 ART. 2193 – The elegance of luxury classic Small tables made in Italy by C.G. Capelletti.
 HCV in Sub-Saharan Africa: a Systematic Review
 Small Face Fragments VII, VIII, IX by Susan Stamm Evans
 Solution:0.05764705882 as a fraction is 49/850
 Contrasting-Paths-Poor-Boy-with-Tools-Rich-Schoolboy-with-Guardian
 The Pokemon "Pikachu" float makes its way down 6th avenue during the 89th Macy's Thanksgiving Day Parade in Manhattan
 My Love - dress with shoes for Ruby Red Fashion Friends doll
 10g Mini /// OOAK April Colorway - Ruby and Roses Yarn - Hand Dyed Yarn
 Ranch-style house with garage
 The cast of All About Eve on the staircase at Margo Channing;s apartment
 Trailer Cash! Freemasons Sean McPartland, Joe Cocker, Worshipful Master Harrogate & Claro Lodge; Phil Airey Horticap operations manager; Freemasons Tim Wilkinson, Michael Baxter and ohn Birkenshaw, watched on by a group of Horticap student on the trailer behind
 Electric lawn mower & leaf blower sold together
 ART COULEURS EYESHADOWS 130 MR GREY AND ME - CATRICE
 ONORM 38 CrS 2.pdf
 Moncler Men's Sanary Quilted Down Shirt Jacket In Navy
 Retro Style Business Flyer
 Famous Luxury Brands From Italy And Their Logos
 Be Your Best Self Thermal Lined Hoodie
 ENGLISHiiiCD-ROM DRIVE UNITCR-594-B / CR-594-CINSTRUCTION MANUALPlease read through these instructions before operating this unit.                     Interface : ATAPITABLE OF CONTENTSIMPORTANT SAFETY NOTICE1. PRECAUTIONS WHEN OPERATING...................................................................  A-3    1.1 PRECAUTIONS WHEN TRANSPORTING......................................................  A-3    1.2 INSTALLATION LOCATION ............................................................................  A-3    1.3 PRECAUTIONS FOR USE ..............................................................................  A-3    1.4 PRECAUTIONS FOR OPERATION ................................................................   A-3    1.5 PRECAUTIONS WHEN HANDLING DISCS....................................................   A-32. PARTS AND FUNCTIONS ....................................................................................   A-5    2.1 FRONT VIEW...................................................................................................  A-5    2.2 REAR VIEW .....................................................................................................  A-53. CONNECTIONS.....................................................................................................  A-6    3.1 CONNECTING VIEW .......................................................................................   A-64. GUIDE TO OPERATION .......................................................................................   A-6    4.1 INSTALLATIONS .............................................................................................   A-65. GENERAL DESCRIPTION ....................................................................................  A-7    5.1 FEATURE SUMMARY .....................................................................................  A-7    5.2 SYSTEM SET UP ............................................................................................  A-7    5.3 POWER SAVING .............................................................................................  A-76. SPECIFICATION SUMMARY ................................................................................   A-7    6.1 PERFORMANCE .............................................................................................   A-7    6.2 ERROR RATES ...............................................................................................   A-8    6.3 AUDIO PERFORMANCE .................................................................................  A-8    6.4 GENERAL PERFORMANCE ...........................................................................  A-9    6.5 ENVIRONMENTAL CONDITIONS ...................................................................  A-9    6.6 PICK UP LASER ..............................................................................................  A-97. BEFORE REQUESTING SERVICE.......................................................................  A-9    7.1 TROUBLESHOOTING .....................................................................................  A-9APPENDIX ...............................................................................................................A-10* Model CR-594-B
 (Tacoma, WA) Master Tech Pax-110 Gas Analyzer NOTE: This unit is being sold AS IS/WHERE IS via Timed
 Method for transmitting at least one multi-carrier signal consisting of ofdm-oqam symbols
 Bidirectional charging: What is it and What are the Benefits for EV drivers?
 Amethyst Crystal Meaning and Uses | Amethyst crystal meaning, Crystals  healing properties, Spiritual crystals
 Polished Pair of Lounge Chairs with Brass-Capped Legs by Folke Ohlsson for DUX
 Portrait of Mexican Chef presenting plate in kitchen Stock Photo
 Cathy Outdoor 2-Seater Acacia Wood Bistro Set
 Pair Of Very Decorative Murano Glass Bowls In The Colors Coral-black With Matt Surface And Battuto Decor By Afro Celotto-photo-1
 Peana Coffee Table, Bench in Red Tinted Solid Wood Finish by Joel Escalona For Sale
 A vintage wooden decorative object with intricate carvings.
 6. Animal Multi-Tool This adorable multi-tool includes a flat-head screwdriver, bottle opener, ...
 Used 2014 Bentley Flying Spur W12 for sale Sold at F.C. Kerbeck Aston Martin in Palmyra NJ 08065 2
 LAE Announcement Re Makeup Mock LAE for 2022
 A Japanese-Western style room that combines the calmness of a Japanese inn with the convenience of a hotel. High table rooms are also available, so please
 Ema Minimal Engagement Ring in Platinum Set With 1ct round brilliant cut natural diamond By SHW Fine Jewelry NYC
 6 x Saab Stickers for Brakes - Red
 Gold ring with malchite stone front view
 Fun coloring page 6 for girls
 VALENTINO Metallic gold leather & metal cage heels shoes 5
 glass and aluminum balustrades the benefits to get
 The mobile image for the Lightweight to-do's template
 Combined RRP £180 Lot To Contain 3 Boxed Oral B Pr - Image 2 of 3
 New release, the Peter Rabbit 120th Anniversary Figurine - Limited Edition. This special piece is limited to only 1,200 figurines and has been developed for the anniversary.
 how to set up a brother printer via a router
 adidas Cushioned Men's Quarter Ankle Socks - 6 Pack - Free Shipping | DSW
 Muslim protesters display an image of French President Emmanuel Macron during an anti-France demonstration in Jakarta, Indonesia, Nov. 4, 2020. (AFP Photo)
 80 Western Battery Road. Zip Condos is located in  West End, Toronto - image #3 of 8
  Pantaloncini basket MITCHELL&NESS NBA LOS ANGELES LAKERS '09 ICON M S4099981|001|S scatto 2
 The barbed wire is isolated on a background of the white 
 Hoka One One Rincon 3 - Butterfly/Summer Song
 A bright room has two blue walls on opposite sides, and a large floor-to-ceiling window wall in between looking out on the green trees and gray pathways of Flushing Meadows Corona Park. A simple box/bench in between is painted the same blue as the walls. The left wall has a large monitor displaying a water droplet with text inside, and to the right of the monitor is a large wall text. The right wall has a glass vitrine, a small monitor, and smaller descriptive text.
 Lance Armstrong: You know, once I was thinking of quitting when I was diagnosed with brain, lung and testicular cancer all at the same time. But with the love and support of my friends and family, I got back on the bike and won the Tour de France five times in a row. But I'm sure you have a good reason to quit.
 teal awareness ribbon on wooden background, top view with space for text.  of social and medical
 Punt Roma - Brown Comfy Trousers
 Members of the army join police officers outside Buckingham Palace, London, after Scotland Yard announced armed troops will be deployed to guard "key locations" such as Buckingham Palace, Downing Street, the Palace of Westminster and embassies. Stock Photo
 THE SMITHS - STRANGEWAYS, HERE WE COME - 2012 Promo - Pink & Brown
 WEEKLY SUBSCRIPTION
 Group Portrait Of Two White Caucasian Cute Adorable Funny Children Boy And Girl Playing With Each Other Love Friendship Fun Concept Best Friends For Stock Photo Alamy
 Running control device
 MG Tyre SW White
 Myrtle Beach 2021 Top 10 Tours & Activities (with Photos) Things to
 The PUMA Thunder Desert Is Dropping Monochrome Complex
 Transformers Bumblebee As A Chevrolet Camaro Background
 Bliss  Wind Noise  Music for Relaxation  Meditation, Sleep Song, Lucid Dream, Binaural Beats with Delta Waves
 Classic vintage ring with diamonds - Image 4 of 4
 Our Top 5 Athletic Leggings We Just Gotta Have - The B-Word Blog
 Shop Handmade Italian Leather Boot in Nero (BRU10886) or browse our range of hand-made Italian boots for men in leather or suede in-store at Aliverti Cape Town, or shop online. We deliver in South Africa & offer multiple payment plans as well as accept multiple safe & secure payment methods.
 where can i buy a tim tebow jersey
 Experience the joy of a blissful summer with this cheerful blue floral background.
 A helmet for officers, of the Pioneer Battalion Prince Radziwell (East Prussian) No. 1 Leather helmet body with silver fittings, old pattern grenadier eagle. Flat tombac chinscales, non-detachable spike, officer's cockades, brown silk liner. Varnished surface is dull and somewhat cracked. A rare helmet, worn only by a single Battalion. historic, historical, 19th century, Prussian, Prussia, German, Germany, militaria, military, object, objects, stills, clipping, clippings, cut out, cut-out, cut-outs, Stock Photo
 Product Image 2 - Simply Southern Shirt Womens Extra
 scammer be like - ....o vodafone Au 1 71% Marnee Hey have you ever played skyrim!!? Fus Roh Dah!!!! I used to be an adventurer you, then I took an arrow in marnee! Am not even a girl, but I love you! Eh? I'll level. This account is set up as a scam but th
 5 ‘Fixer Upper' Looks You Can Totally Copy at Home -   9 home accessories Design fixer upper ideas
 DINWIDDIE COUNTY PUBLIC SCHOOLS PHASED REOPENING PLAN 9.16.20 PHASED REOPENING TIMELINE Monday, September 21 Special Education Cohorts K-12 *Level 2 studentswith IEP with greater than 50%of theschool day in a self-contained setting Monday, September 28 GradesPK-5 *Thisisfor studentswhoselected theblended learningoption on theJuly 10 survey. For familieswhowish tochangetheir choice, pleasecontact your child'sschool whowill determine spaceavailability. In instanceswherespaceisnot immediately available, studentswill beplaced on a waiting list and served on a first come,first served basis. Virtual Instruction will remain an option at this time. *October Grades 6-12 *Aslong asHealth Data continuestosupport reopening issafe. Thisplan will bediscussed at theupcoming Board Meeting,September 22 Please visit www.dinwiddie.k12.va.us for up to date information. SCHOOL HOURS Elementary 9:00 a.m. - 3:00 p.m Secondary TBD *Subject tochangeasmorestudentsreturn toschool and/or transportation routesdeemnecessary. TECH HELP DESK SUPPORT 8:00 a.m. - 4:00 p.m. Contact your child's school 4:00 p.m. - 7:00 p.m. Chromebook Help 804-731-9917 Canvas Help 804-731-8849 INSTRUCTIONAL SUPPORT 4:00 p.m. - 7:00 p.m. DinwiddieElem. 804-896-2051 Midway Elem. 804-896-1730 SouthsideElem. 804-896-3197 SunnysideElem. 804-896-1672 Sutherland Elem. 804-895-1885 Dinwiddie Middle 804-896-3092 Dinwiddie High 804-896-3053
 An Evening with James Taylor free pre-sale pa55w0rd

■ What needs to be done: In the material above, which lines contain "Western"? Copy each of them.

■ Exercise response:
 A Japanese-Western style room that combines the calmness of a Japanese inn with the convenience of a hotel. High table rooms are also available, so please
 80 Western Battery Road. Zip Condos is located in  West End, Toronto - image #3 of 8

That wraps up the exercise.